Yuliyas-Air:~ Valerii$ sudo dtrace -l | head -20
dtrace: system integrity protection is on, some features will not be available

   ID   PROVIDER            MODULE                          FUNCTION NAME
    1     dtrace                                                     BEGIN
    2     dtrace                                                     END
    3     dtrace                                                     ERROR
...
   42    profile                                                     tick-1000
   43    profile                                                     tick-5000
   44  mach_trap                                        kern_invalid entry
   45  mach_trap                                        kern_invalid return
   46  mach_trap                    _kernelrpc_mach_vm_allocate_trap entry
Yuliyas-Air:~ Valerii$ sudo dtrace -l | tail -4
dtrace: system integrity protection is on, some features will not be available

254755   pid82428          mariadbd            do_command(THD*, bool) 5e4
254917   pid82428 libsystem_malloc.dylib                            malloc return
467101 security_exception639          csparser _ZN8Security7CFErrorC2Ev [Security::CFError::CFError()] throw-cf
467102 security_exception639          csparser _ZN8Security9UnixErrorC2Eib [Security::UnixError::UnixError(int, bool)] throw-unix

We should study different providers that DTrace supports:

  • dtrace - few special probes: BEGIN, END and ERROR.
  • profile - this provider includes probes that are associated with an interrupt that fires at some regular, specified time interval .profile-N probes basically fire N times per second on every CPU. tick-N probes fire on only one CPU per interval.
  • syscall - enables you to trace every system call entry and return.
  • pid* - enables tracing of any user process, as specified by its pid. It basically allows to trace entries (with entry probe name) and returns (with return probe name) to every user function, among other things.
  • ...

There are more providers actually, but those mentioned above allow to start reading and writing DTrace scripts for MariaDB server tracing and profiling, so let's stop listing them for now.

As we can see from this output 

Yuliyas-Air:~ Valerii$ dtrace
Usage: dtrace [-aACeFHlqSvVwZ] [-arch i386|x86_64] [-b bufsz] [-c cmd] [-D name[=def]]
        [-I path] [-L path] [-o output] [-p pid] [-s script] [-U name]
        [-x opt[=val]]

        [-P provider [[ predicate ] action ]]
        [-m [ provider: ] module [[ predicate ] action ]]
        [-f [[ provider: ] module: ] func [[ predicate ] action ]]
        [-n [[[ provider: ] module: ] func: ] name [[ predicate ] action ]]
        [-i probe-id [[ predicate ] action ]] [ args ... ]

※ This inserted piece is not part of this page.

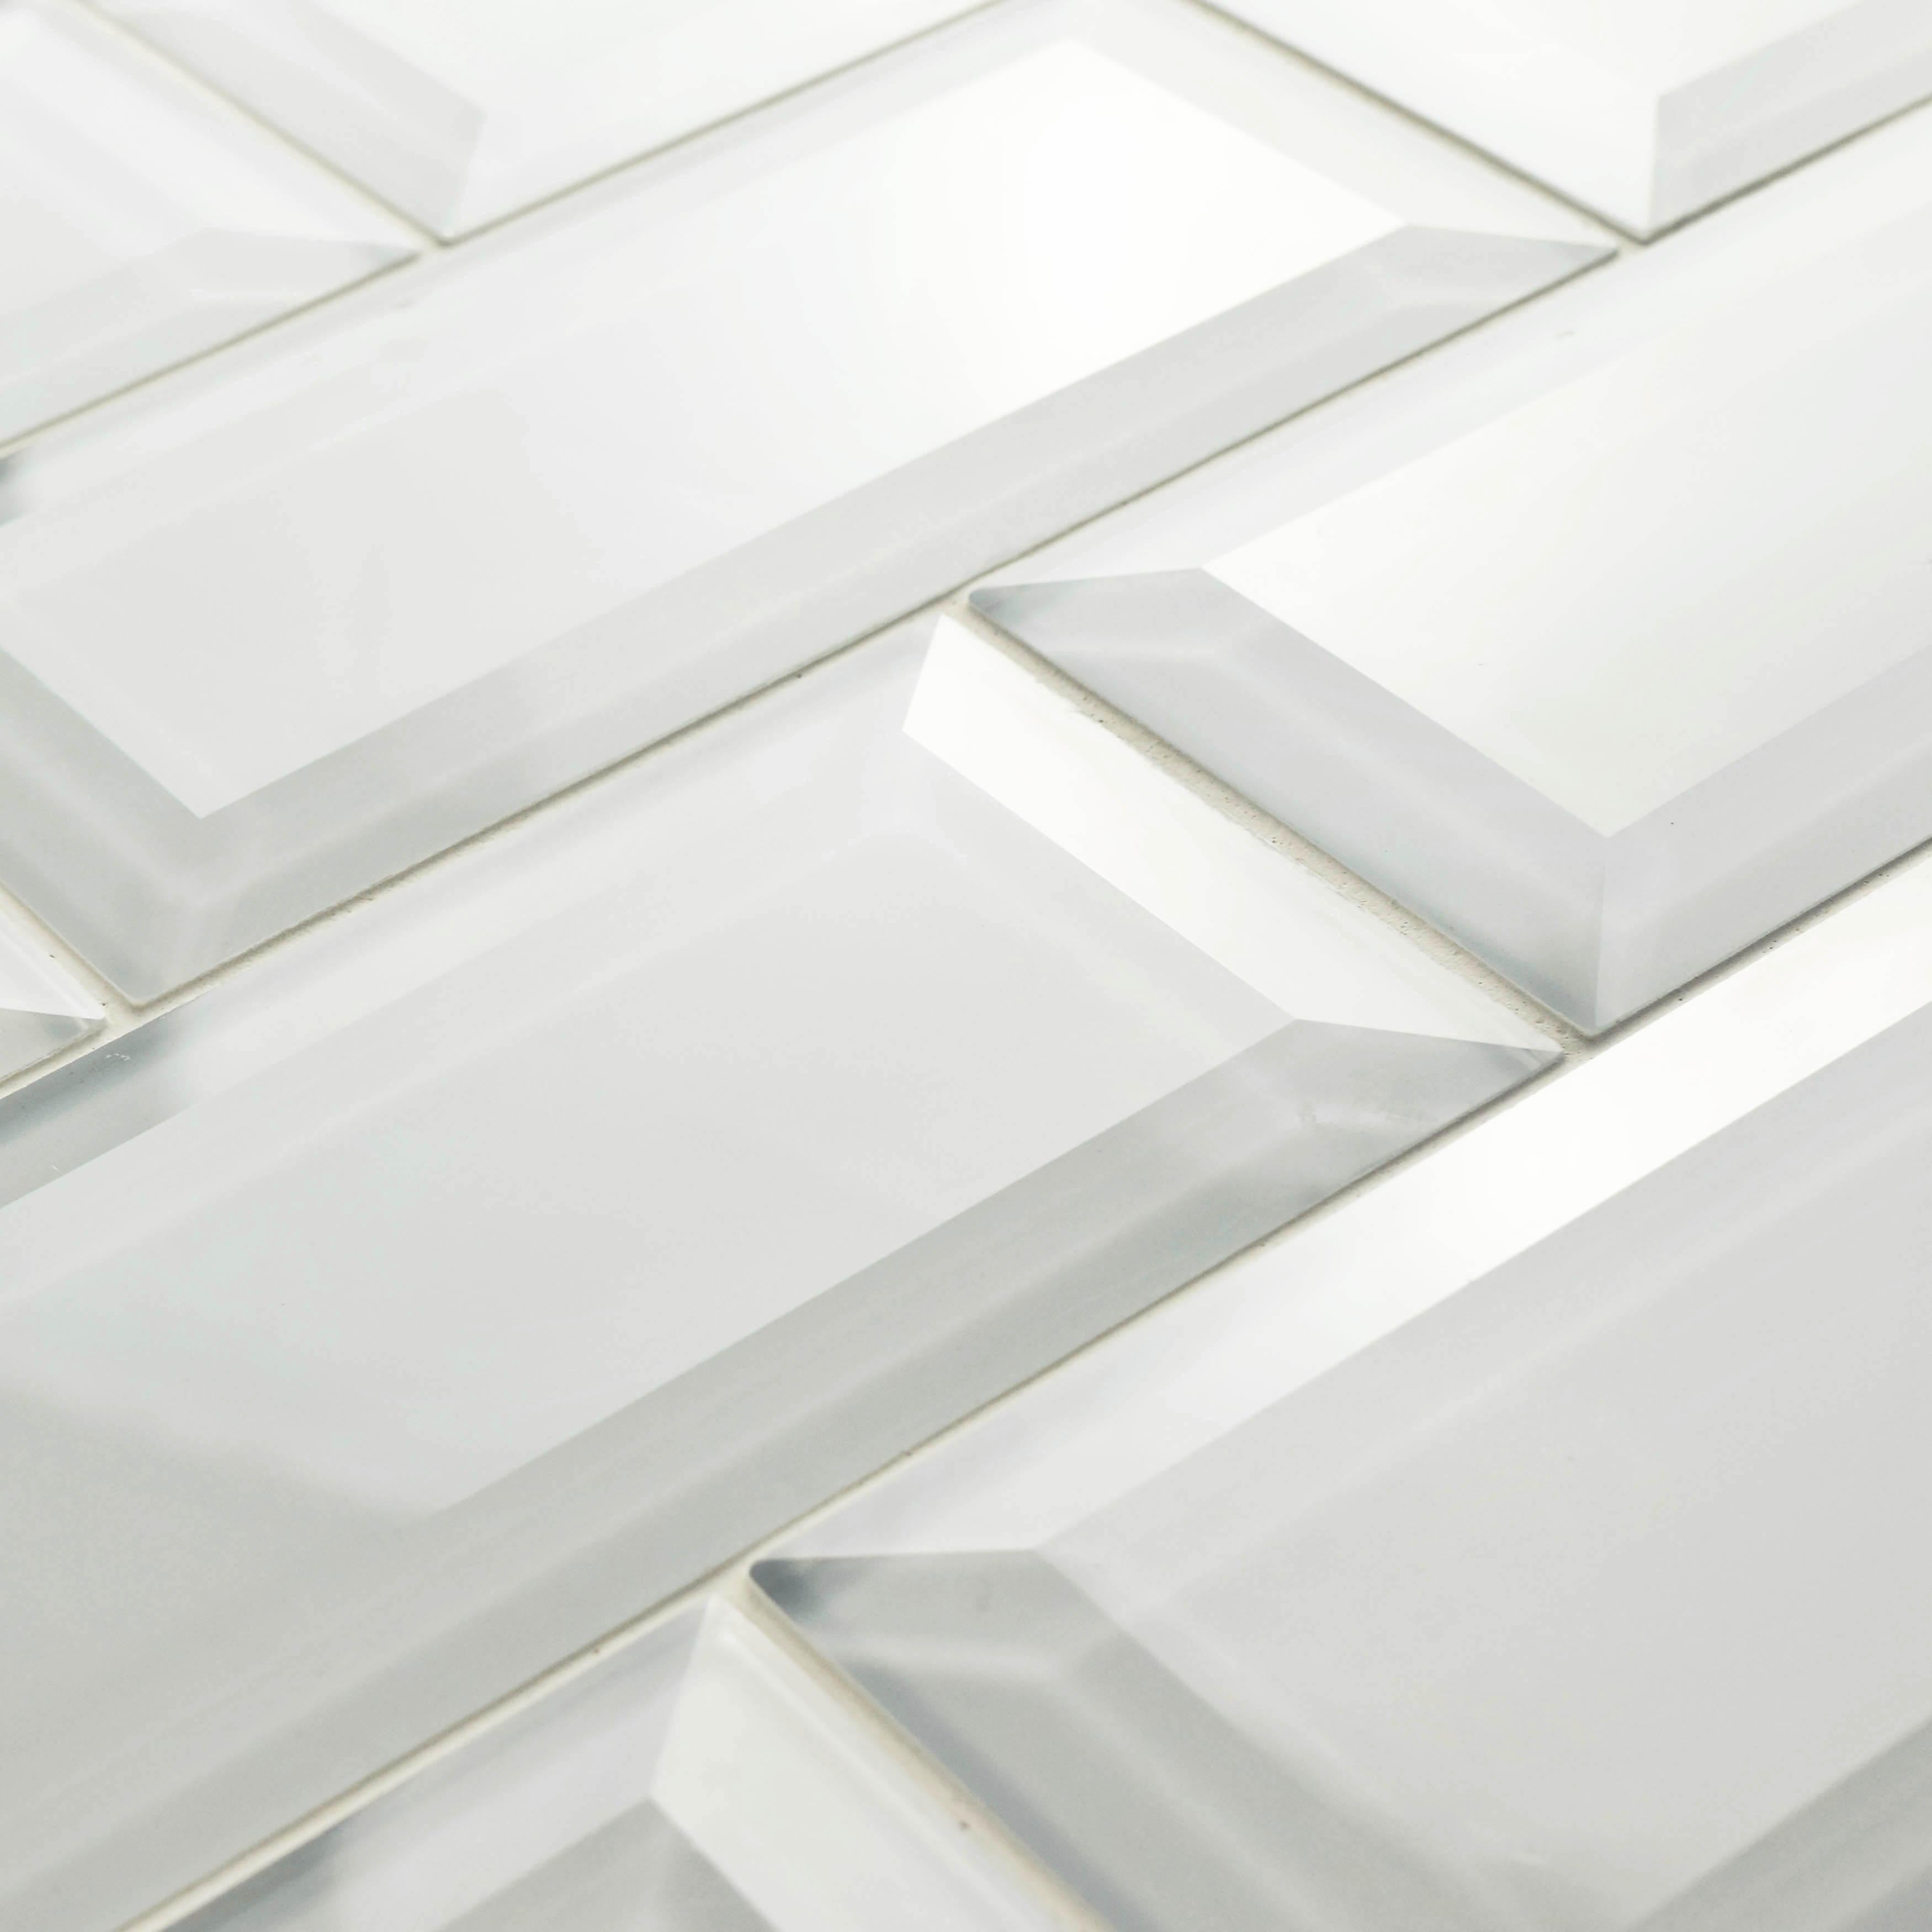 Inch Reflections Beveled Ice White

        predicate -> '/' D-expression '/'
           action -> '{' D-statements '}'
...

for each probe we can define optional predicate (in slashes), expression that must evaluate to true (non-zero integer value) when probe fires for optional action (in curly brackets) to be executed. Action is a sequence of DTrace statements separated by semicolons. Note that DTrace does NOT support loops or complex conditional execution in the actions, for good reasons discussed elsewhere. We may also have optional arguments for the probe.

In our query-start probe above there is no predicate, so the action is executed unconditionally when we hit it. We use some built-in functions (like copyinsrt()) and variables, like arg0, arg1 and timestamp. We'll discuss them in details in some other post, but arg0 ... arg9 obviously refer to the first ten arguments of the probe and timestamp is the current value of a nanosecond timestamp counter.

In the action we see several assignments to self->something. These are thread-local variables that share a common name in your D code but refer to separate data storage associated with each operating system thread.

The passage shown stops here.